PROBLEM REQUIREMENTS => Exact copies of all the lines below are required, with the pictures omitted.

DATA =>
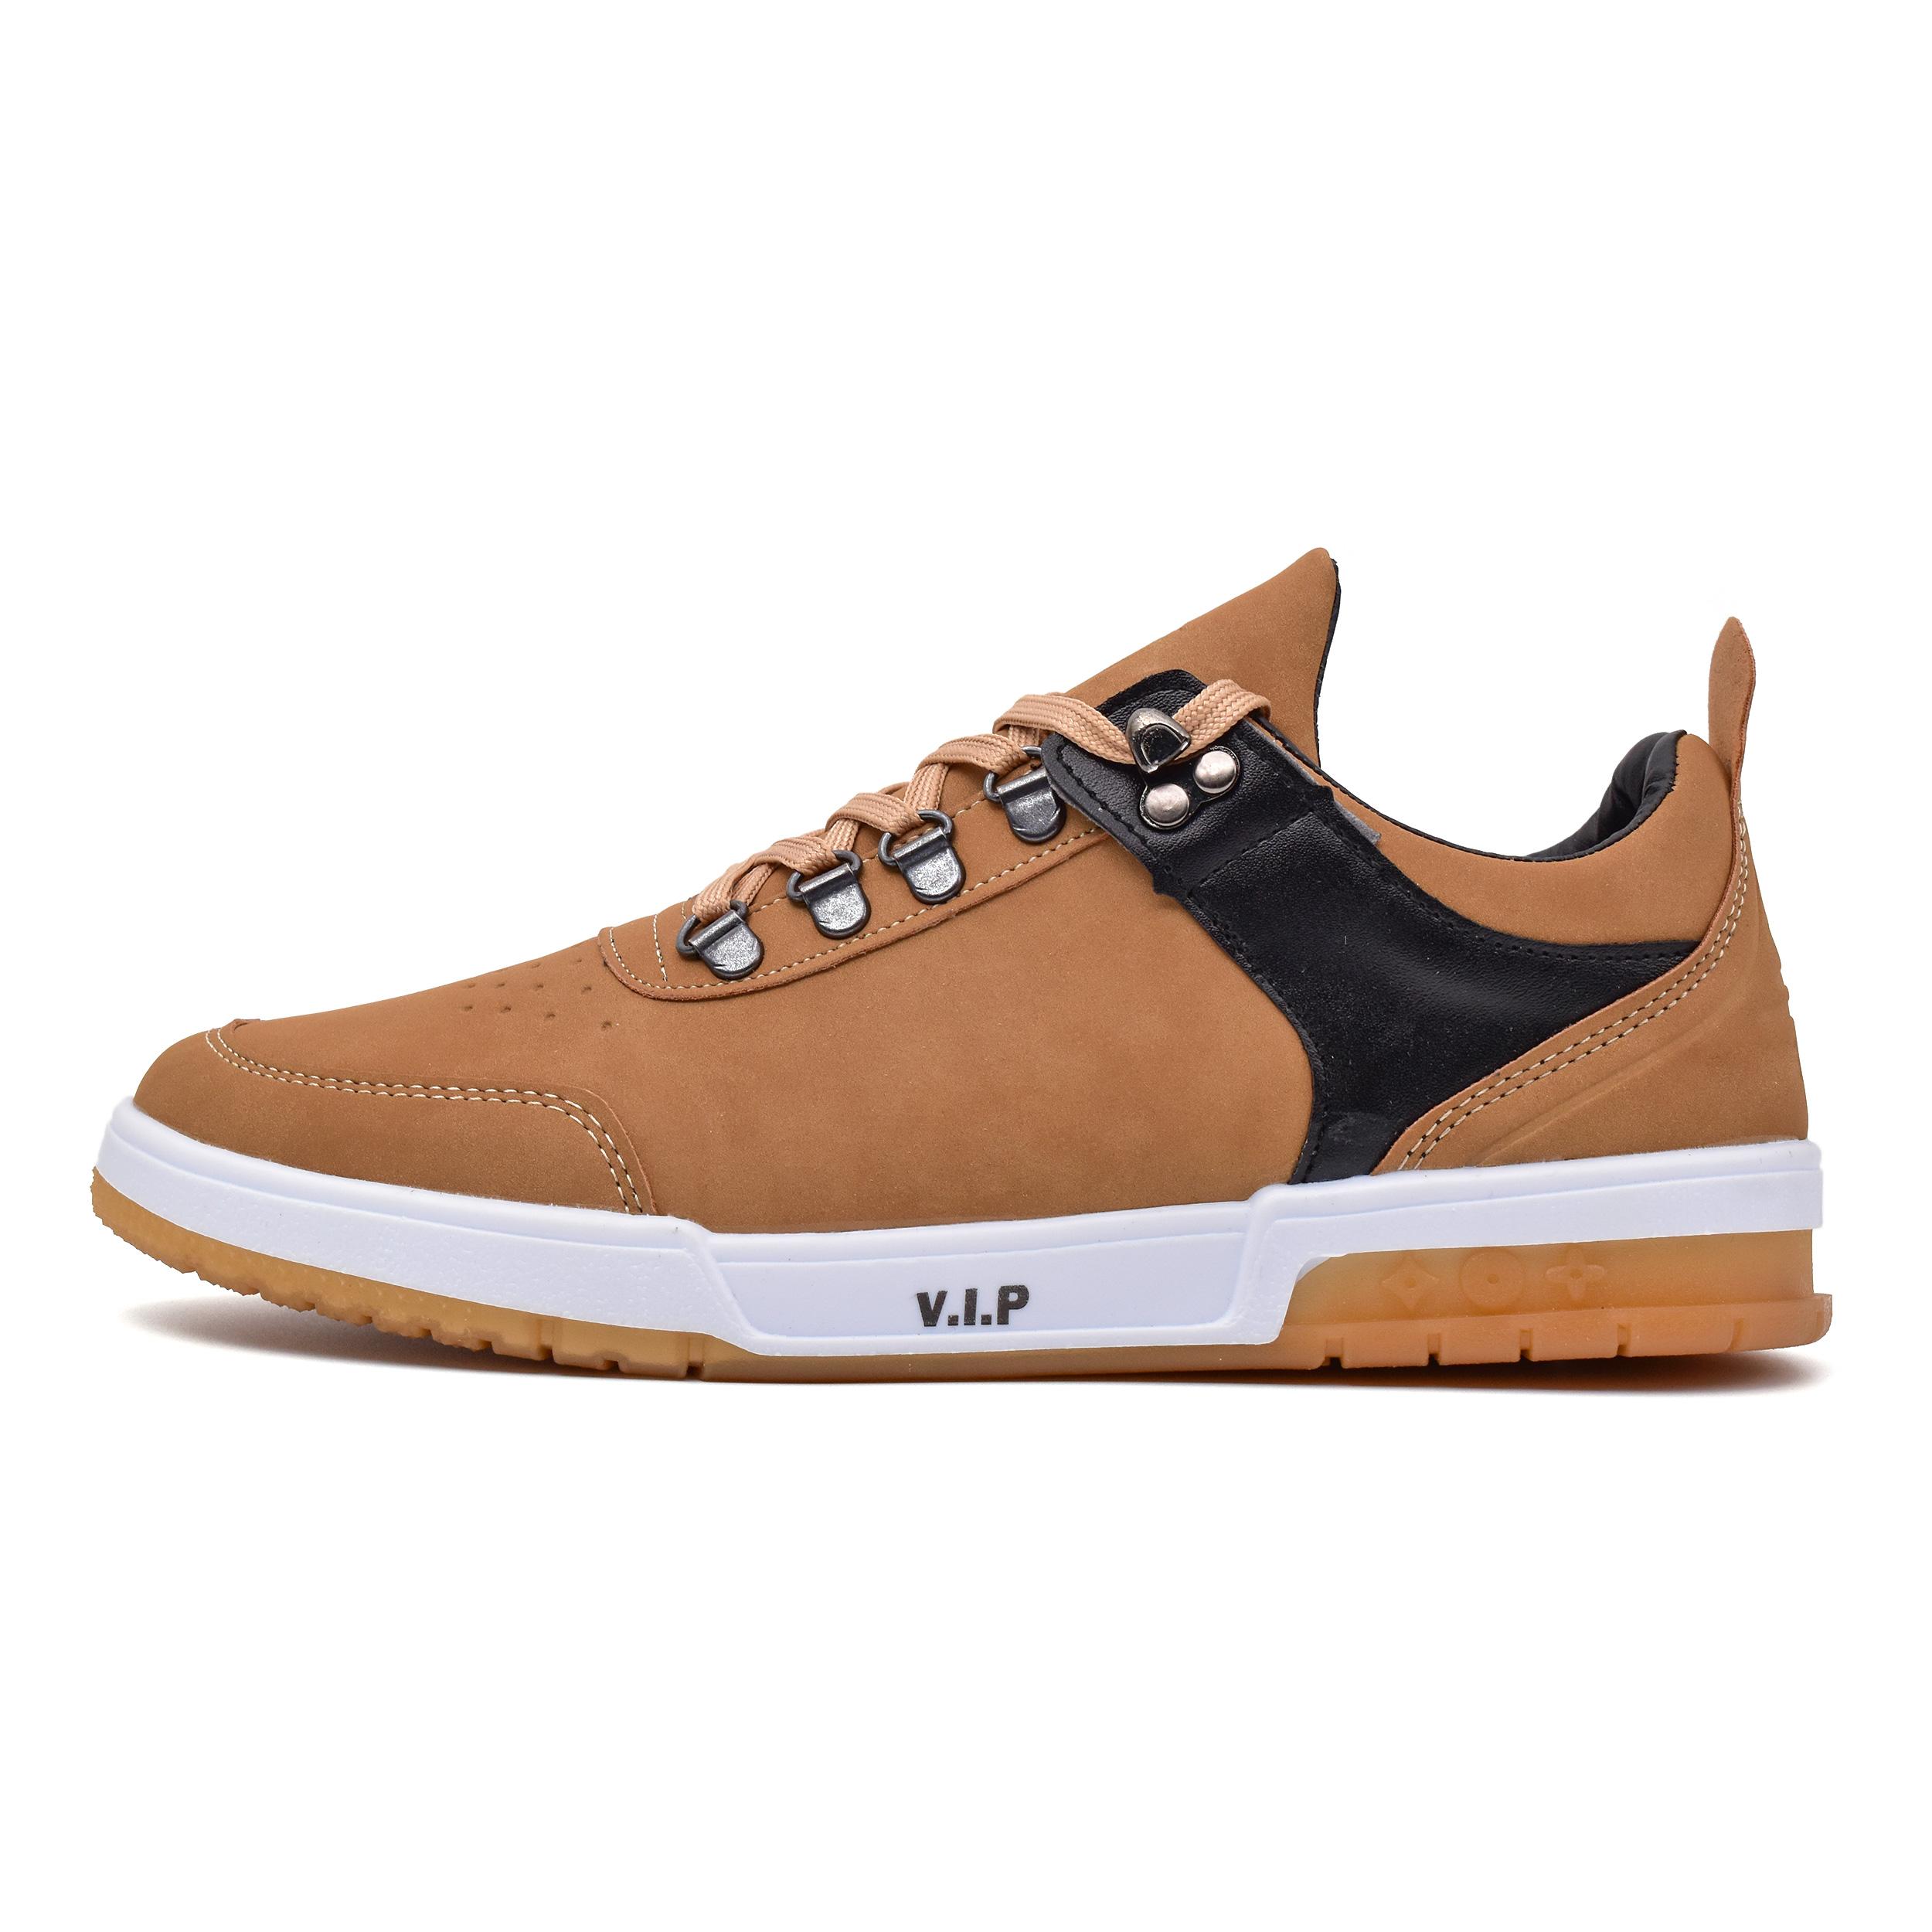 خرید اینترنتی                     کفش مخصوص پیاده روی مردانه وی آی پی کد 5861             با قیمت مناسب
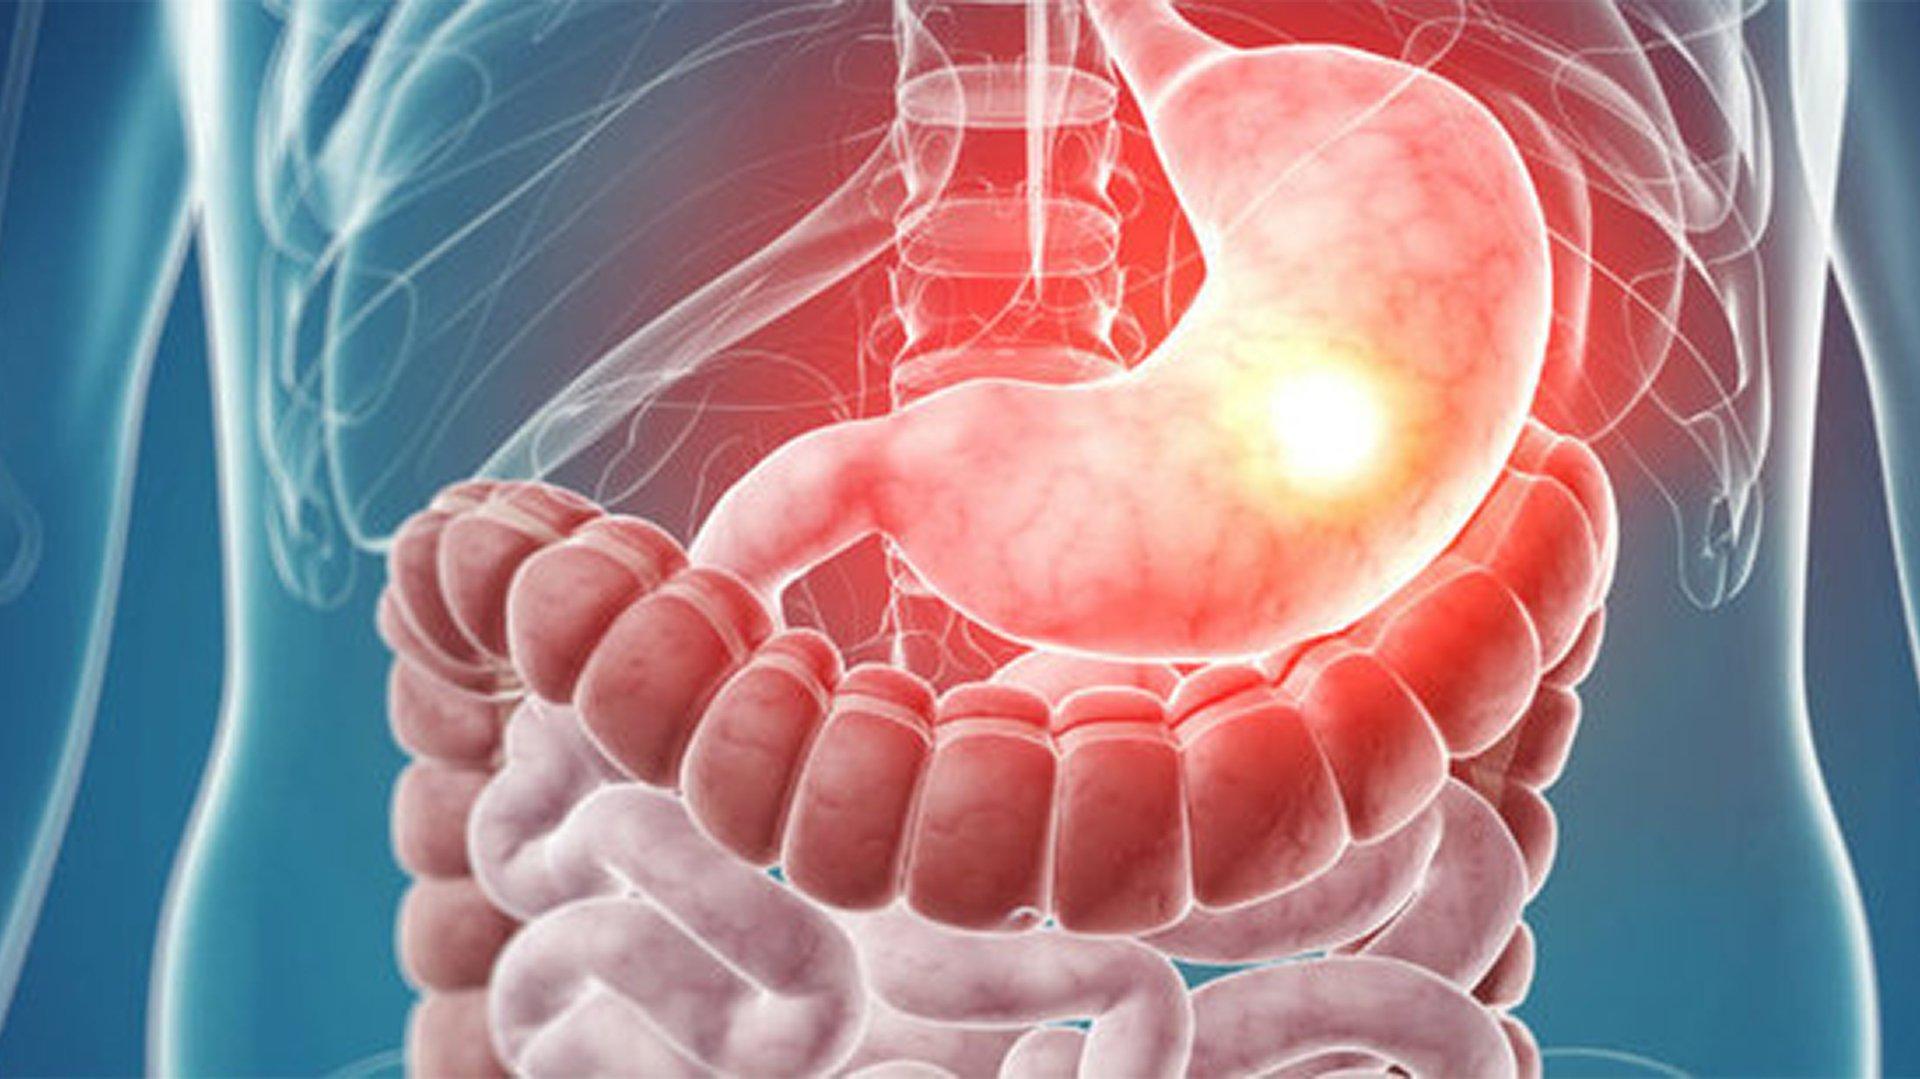 Gastroenterologia | Rede Clínica Médica
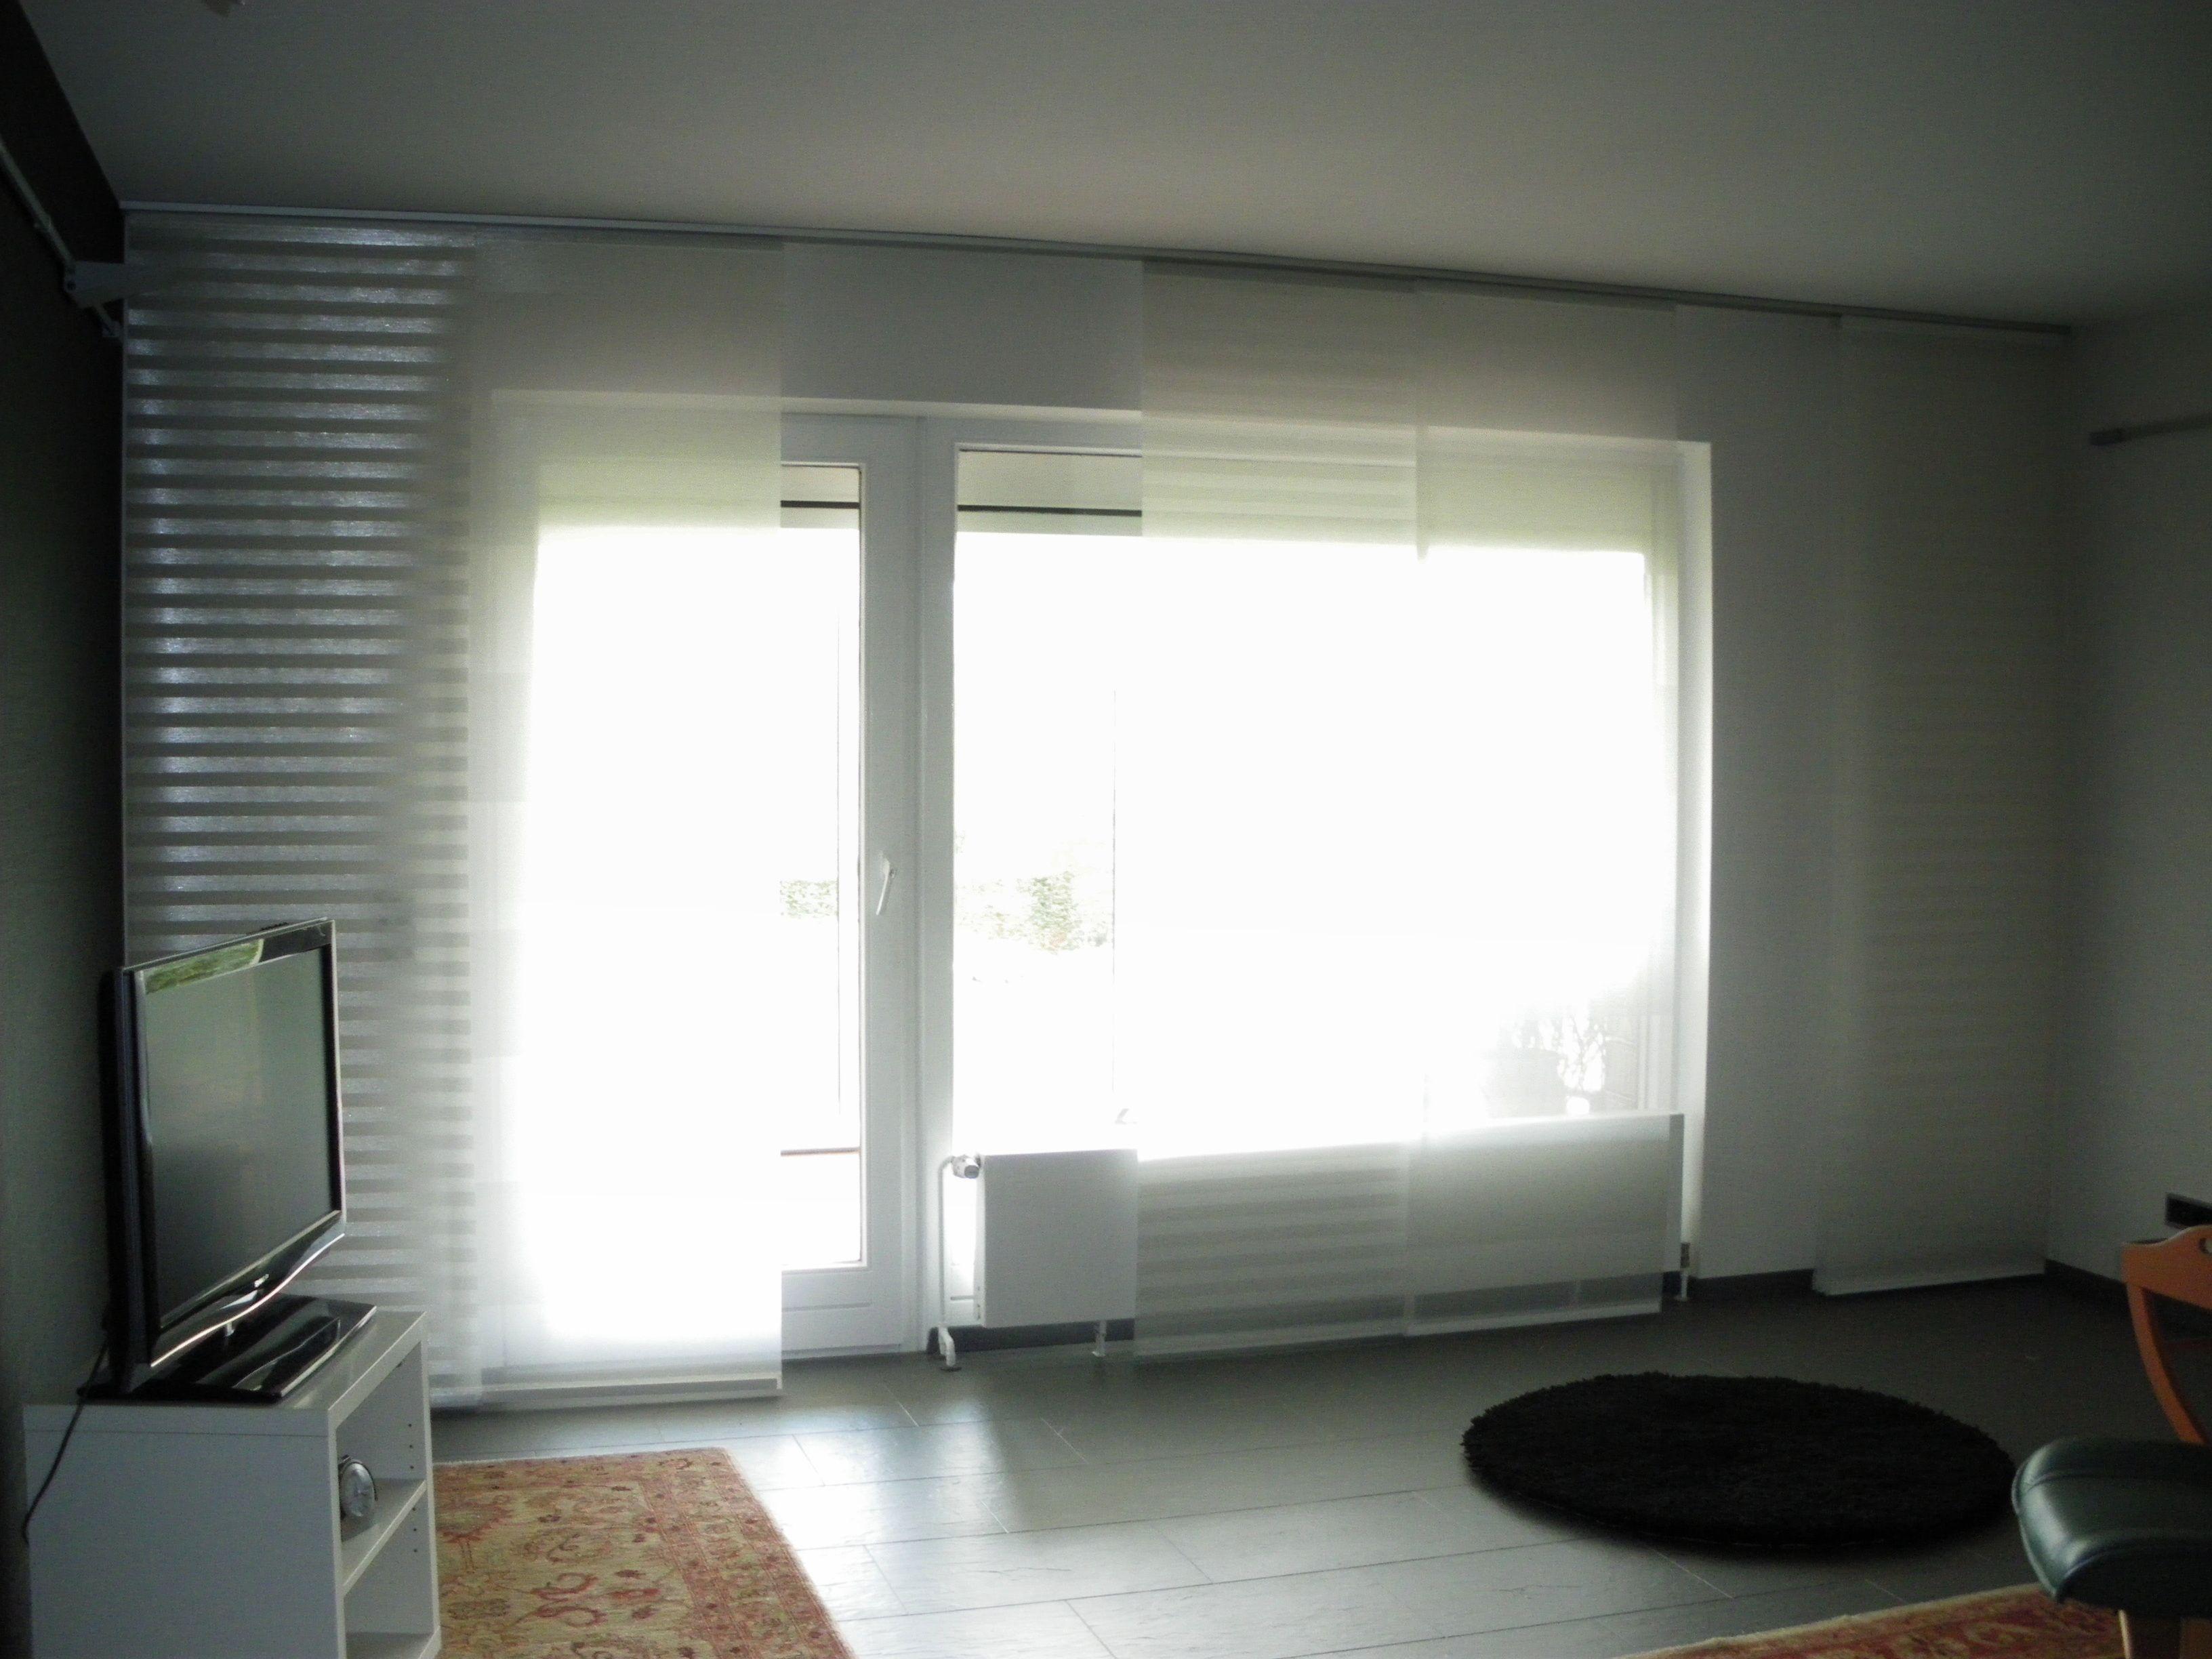 Delightful Moderne Wohnzimmer Dekoration Mit Flächenvorhängen, Deckenschiene  Mehrläufig Aus Aluminium, Paneele Glänzend Und Matt

RESULT FOR THIS TASK =>
 خرید اینترنتی                     کفش مخصوص پیاده روی مردانه وی آی پی کد 5861             با قیمت مناسب
 Gastroenterologia | Rede Clínica Médica
 Delightful Moderne Wohnzimmer Dekoration Mit Flächenvorhängen, Deckenschiene  Mehrläufig Aus Aluminium, Paneele Glänzend Und Matt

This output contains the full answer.